What is expected
Starting at the line containing "L'illustration présente le" and ending at the line containing "SAFARI ECLIPSE 66", transcribe the listing below exactly. Keep both end lines, skip the pictures, and copy nothing else.

Information given
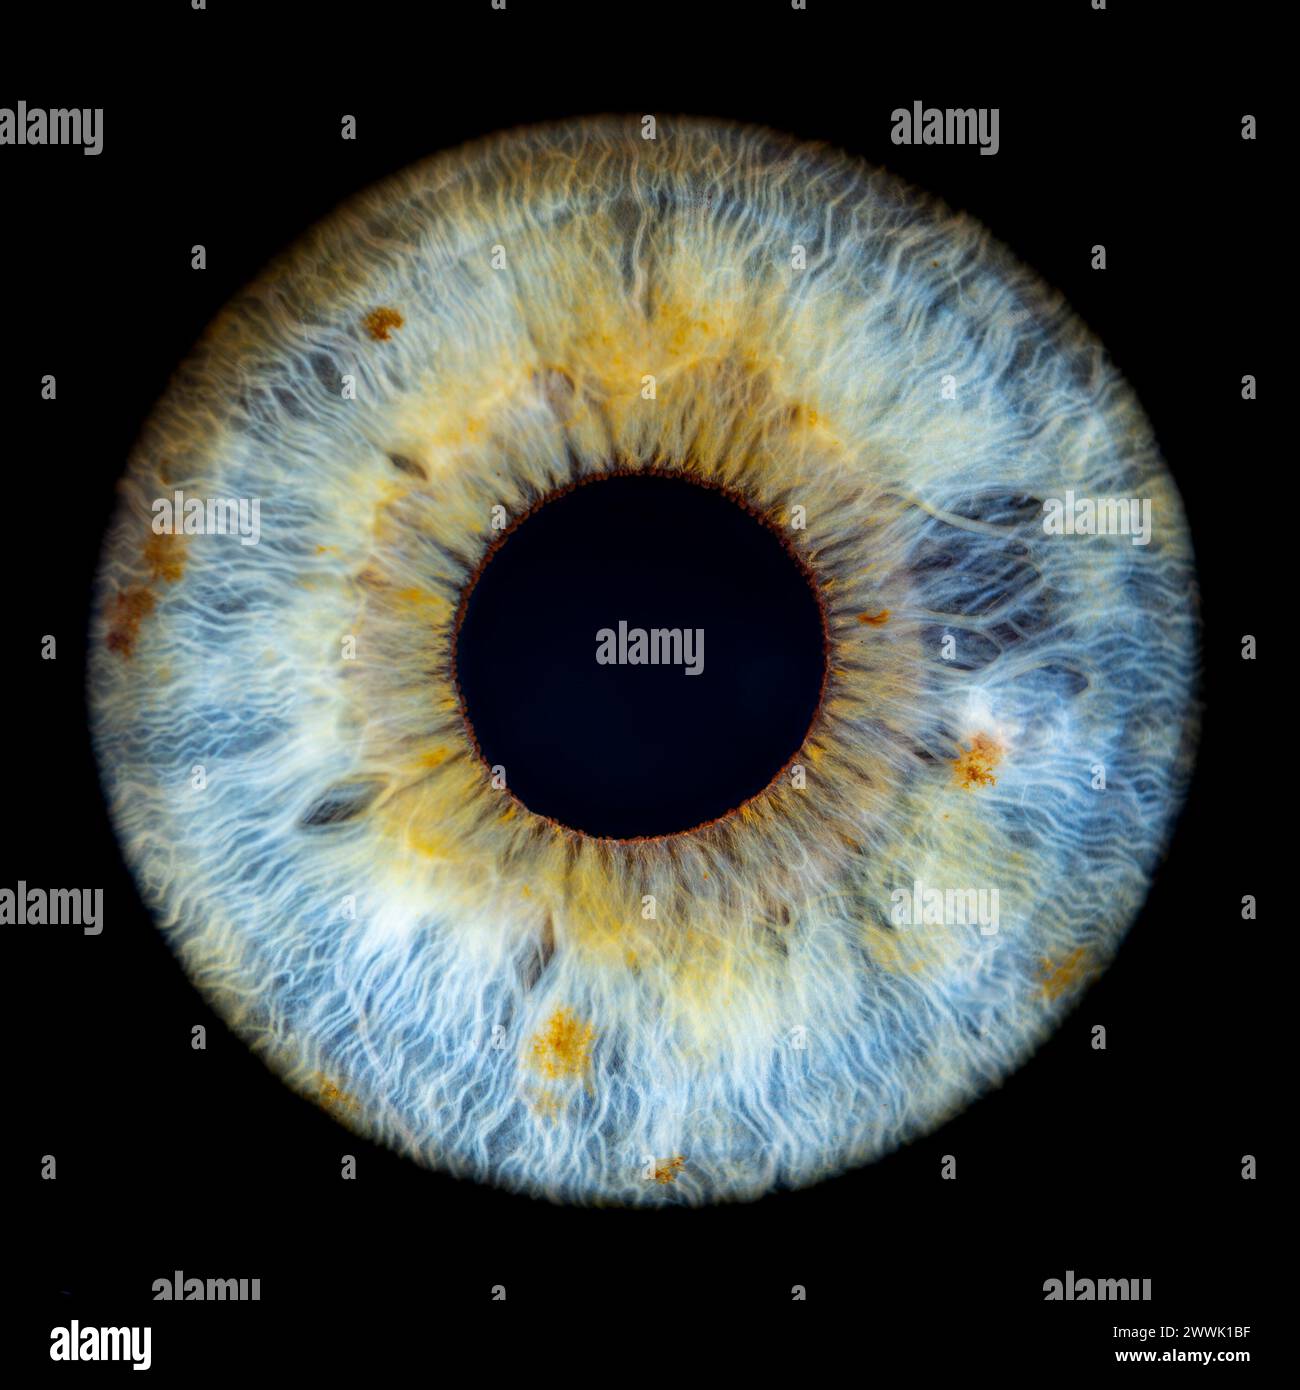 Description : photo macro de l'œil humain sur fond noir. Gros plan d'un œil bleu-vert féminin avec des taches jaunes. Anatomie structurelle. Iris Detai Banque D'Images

* * *

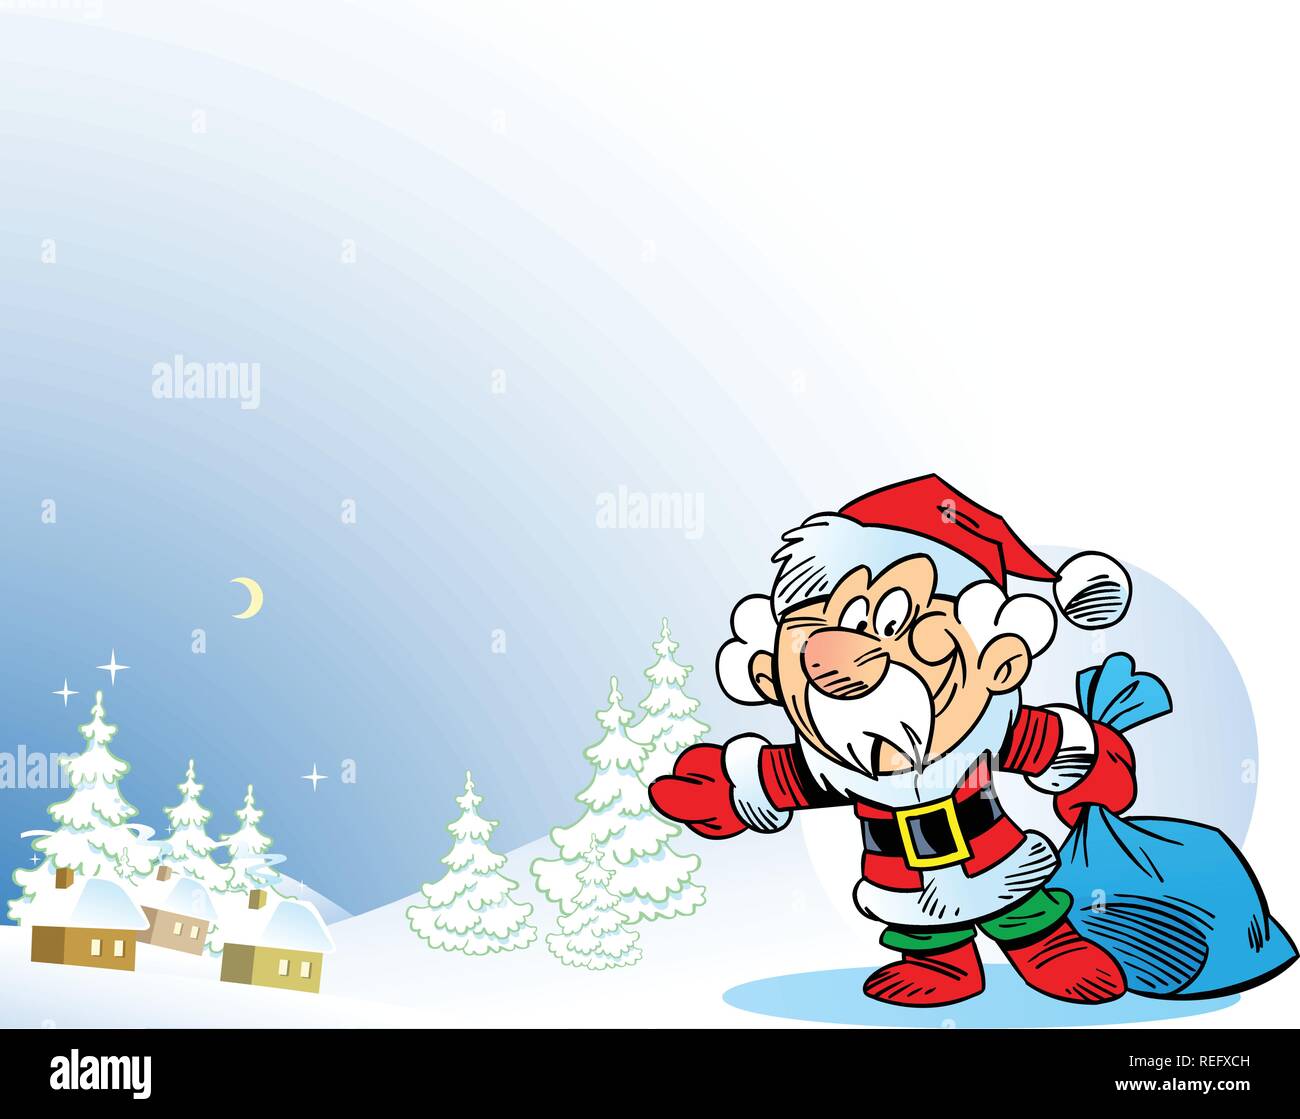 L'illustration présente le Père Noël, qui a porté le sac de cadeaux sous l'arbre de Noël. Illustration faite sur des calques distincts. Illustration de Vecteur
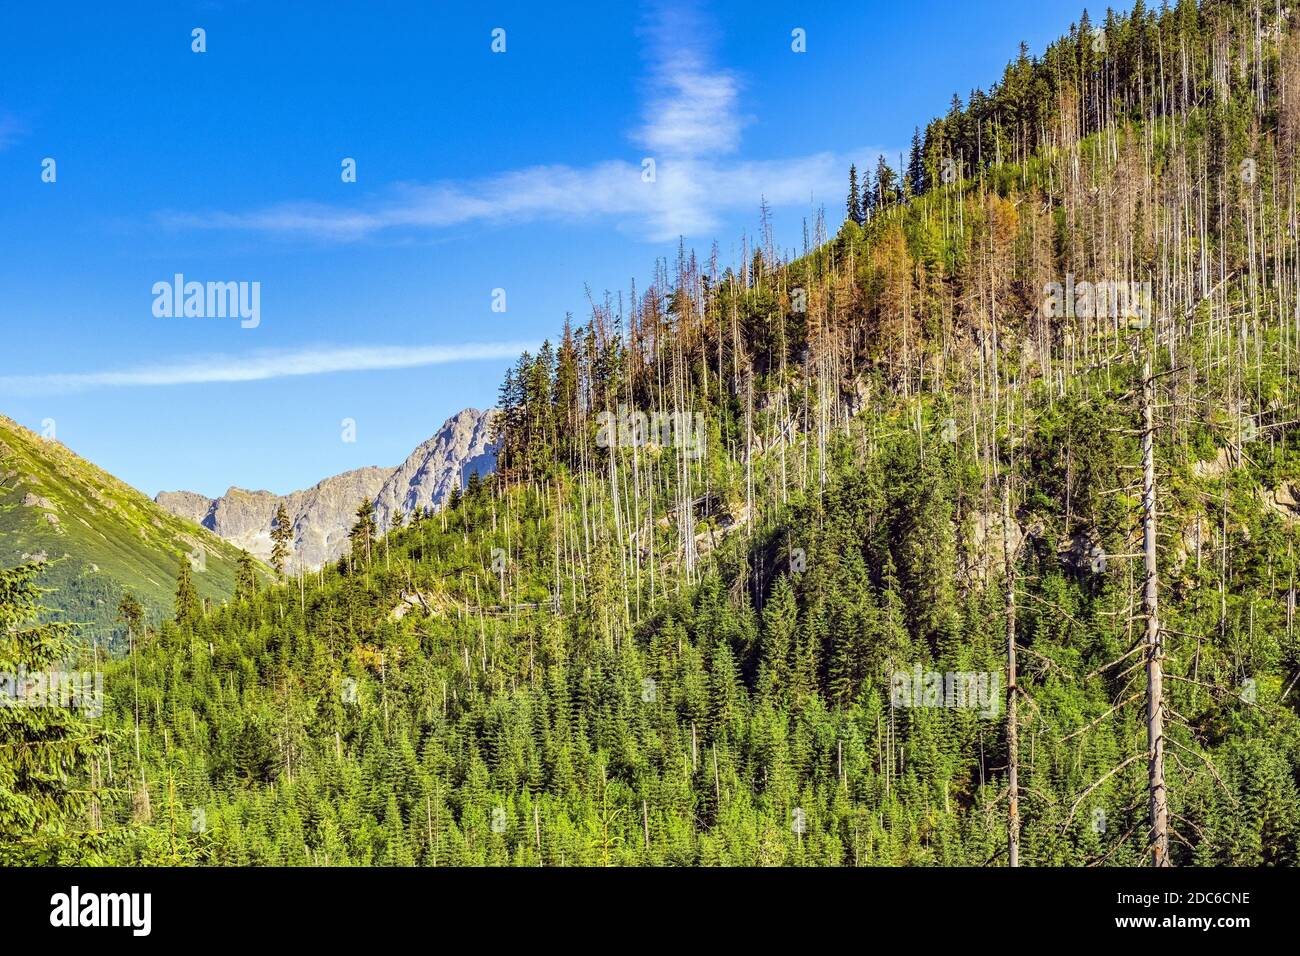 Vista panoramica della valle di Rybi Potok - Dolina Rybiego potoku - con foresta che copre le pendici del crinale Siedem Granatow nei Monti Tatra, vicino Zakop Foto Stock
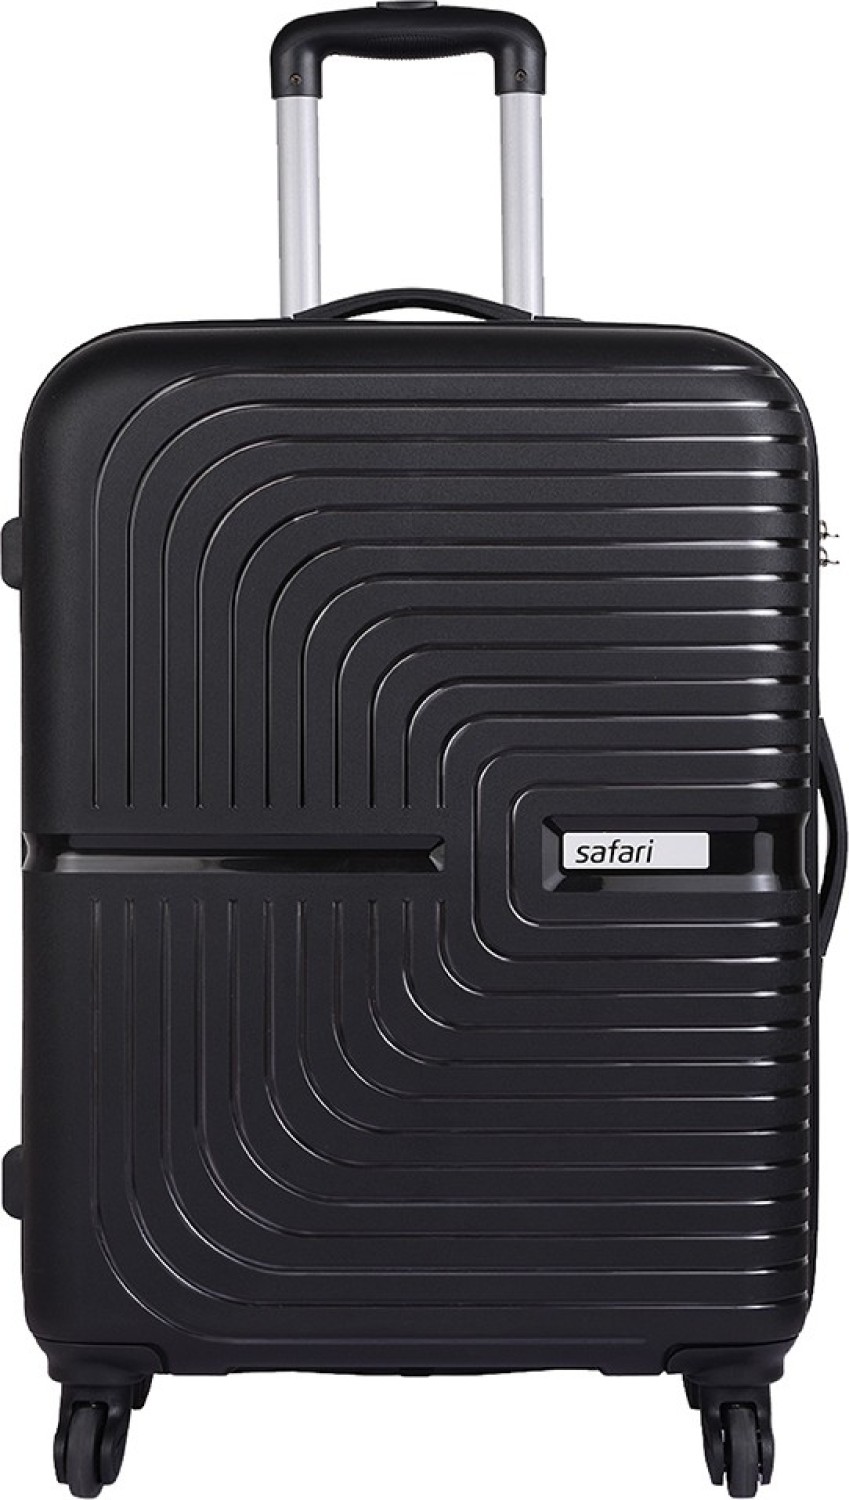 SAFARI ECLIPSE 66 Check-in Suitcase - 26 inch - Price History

Solution for this task
 L'illustration présente le Père Noël, qui a porté le sac de cadeaux sous l'arbre de Noël. Illustration faite sur des calques distincts. Illustration de Vecteur
 Vista panoramica della valle di Rybi Potok - Dolina Rybiego potoku - con foresta che copre le pendici del crinale Siedem Granatow nei Monti Tatra, vicino Zakop Foto Stock
 SAFARI ECLIPSE 66 Check-in Suitcase - 26 inch - Price History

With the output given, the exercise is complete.